Many groups lose depth on the power multiplier that made them particular and begin optimising round what’s most secure immediately. Andela’s core was expertise at scale, however at one stage the corporate drifted towards a safer outsourcing posture and misplaced momentum earlier than discovering its means again. Nice firms preserve pushing the boundaries of the unique mission, even when it introduces discomfort and danger. Select buyers who reinforce that mission focus somewhat than solely press for near-term income optics.
With AI reshaping work, excessive rates of interest, and expertise flight, the place is Africa’s entrepreneurial ecosystem proper now, and what ought to founders put together for?
We’re in an effectivity period.
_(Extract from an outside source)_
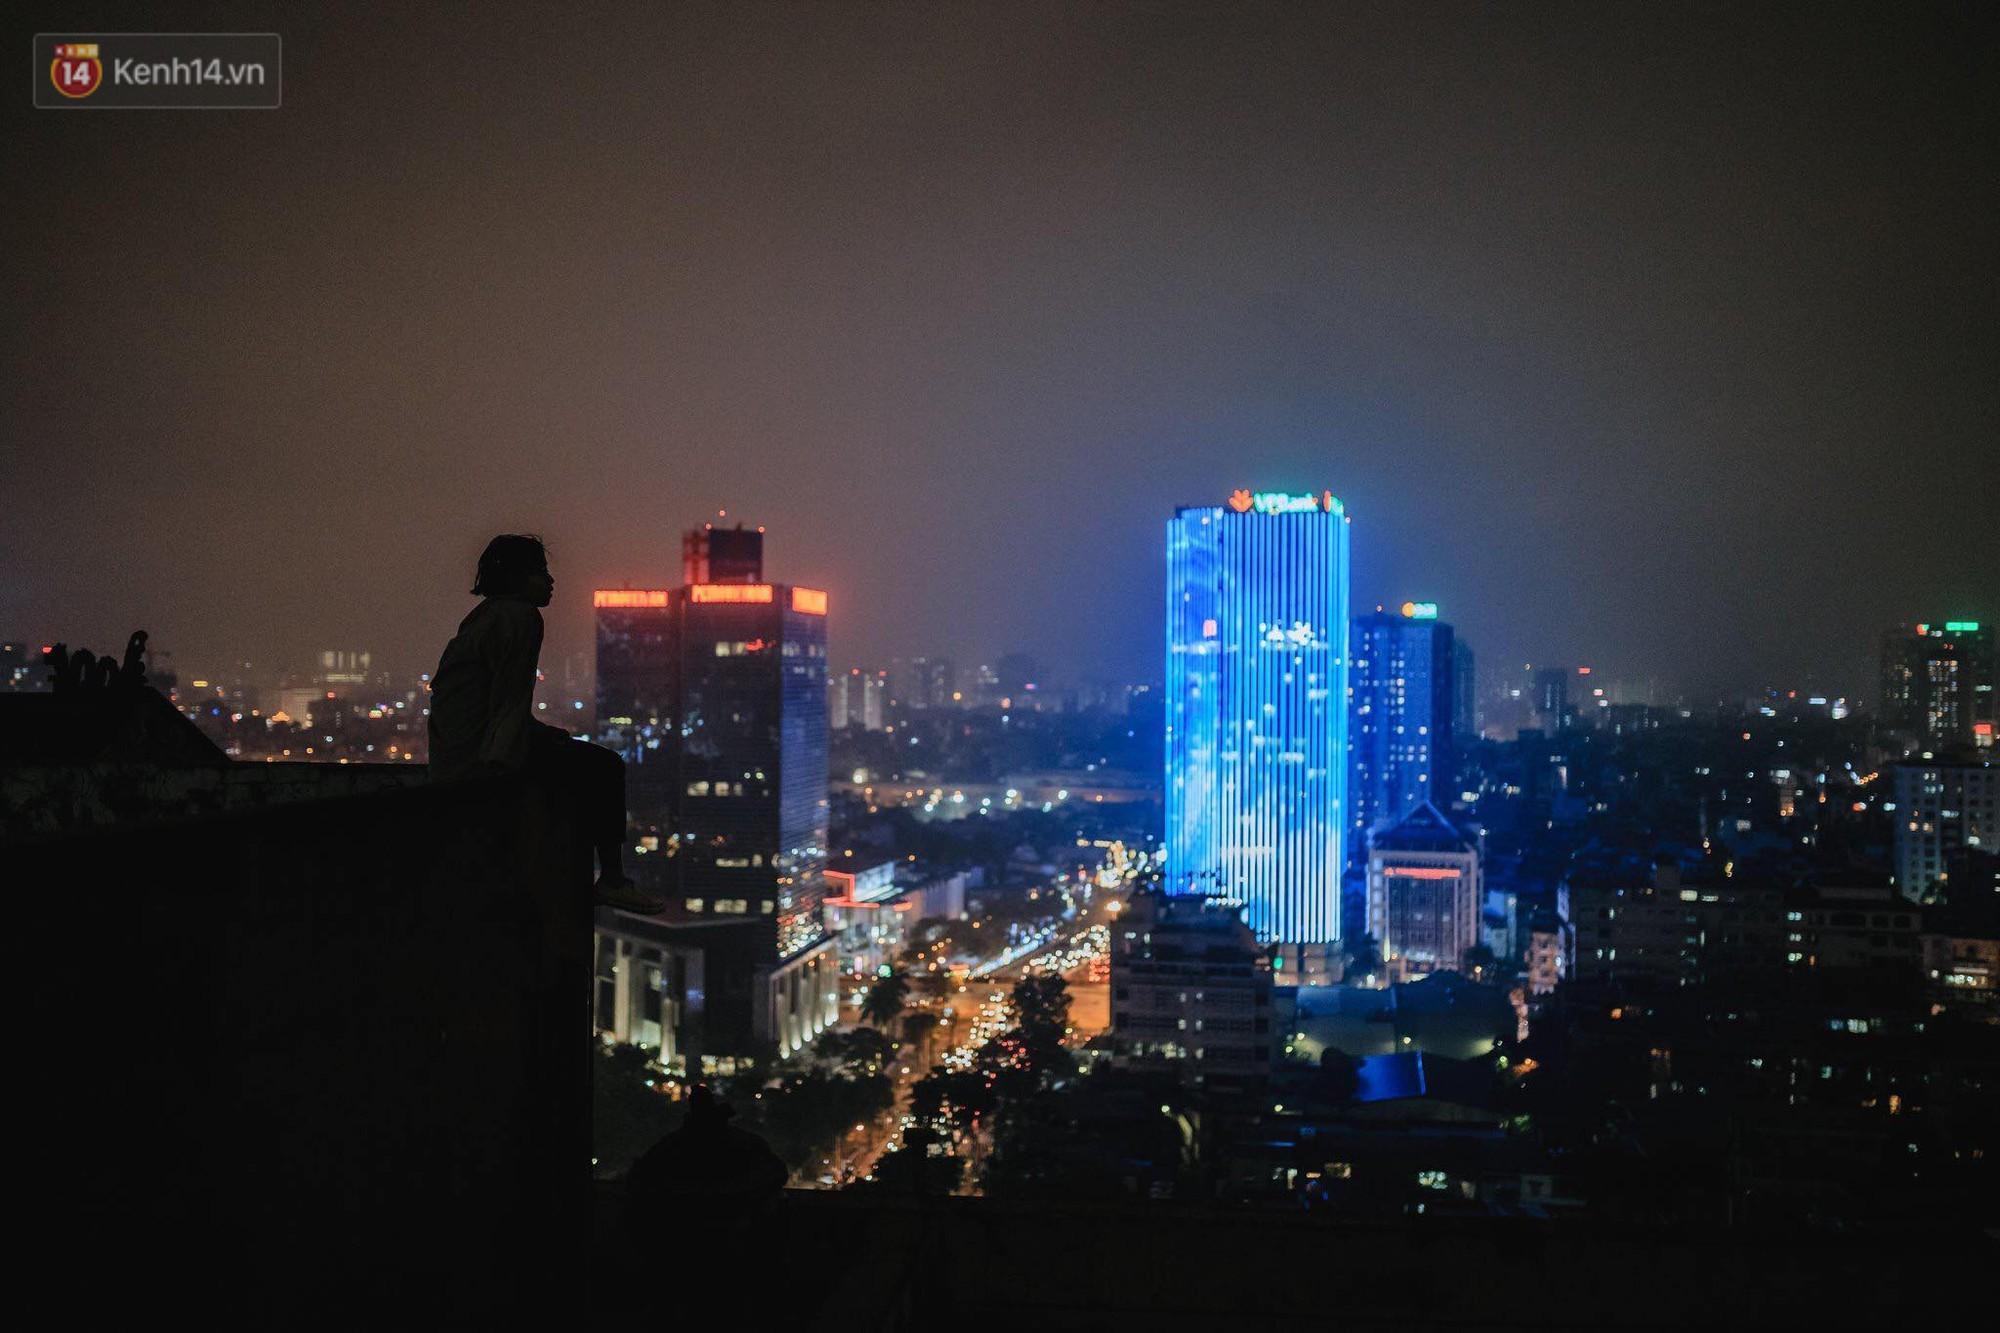 Vì sao các hãng thông tấn quốc tế đều chọn những nóc nhà của Hà Nội để đưa tin về Hội nghị thượng đỉnh Mỹ - Triều?-19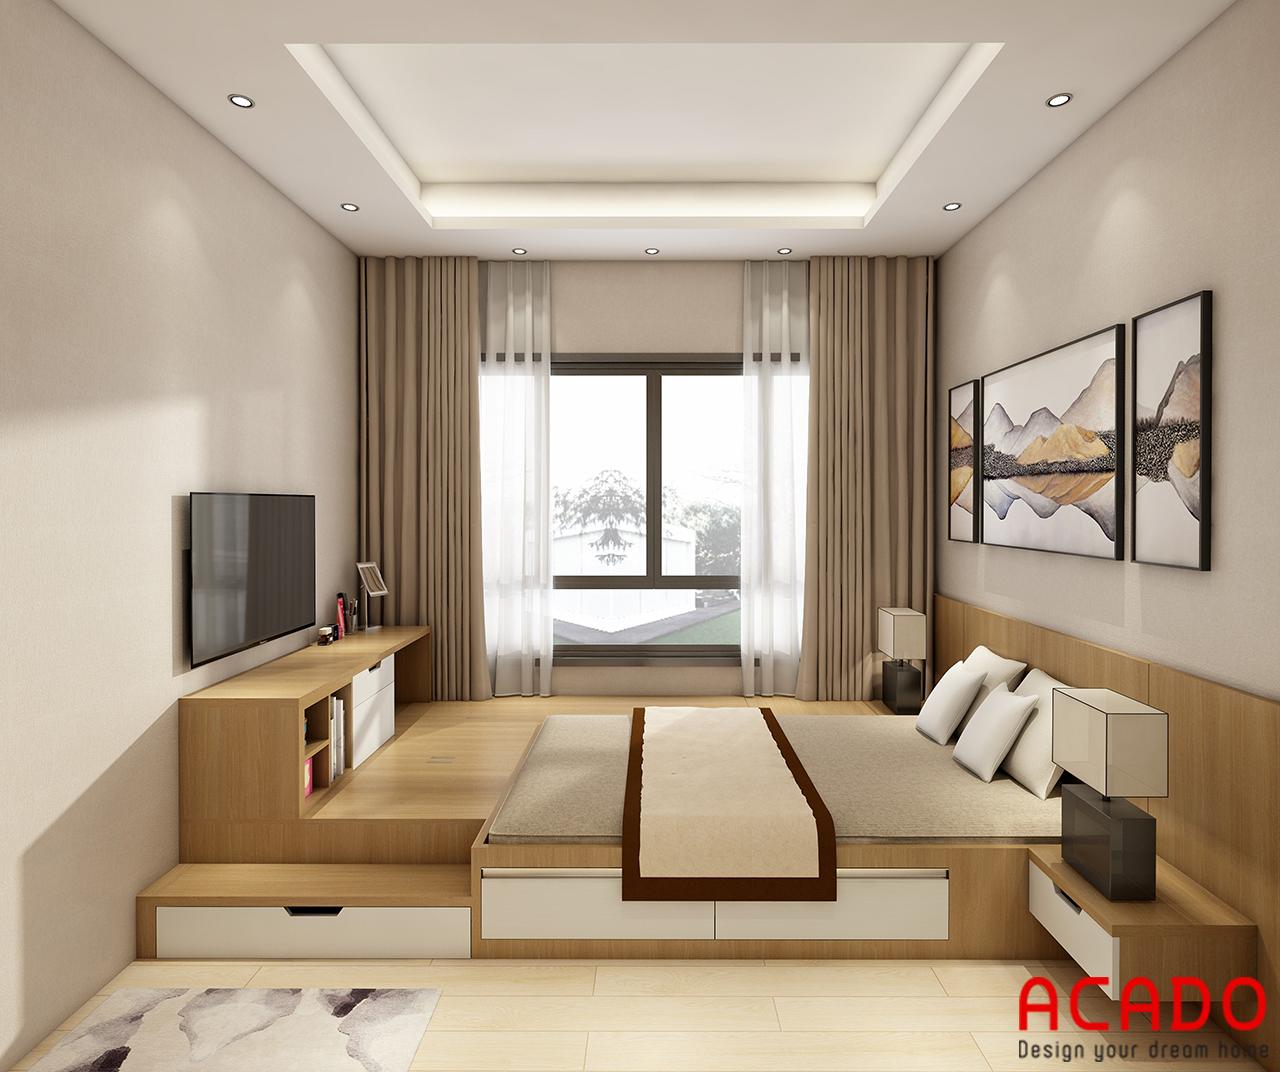 Phòng ngủ chung cư được thiết kế thông minh, hiện đại

The mix of pricey capital, fast automation, and scarce senior expertise rewards groups that create worth resourcefully. If you happen to be taught to mix AI leverage with disciplined operations and native perception, you’ll be able to win at residence and be aggressive globally as a result of expectations in all places are resetting. Shortage turns into a function while you convert it into benefit.
What’s one mistake you’d advise entrepreneurs to not make, or one you want you had made in a different way?
I want I had made extra errors earlier. I typically performed it too protected. I additionally spent a stretch centered on what I wished from entrepreneurship somewhat than on what success required. Once I shifted to following the client and taking bolder, quicker bets inside guardrails, outcomes improved. The paradox is that considerate danger accelerates studying, which is the one sturdy edge.
Closing thought:
Enterprise adjustments society. If we’re disciplined about prospects, capital, coverage, and folks, and if we preserve mission above ego, we will construct firms that remedy our hardest issues and show it with outcomes.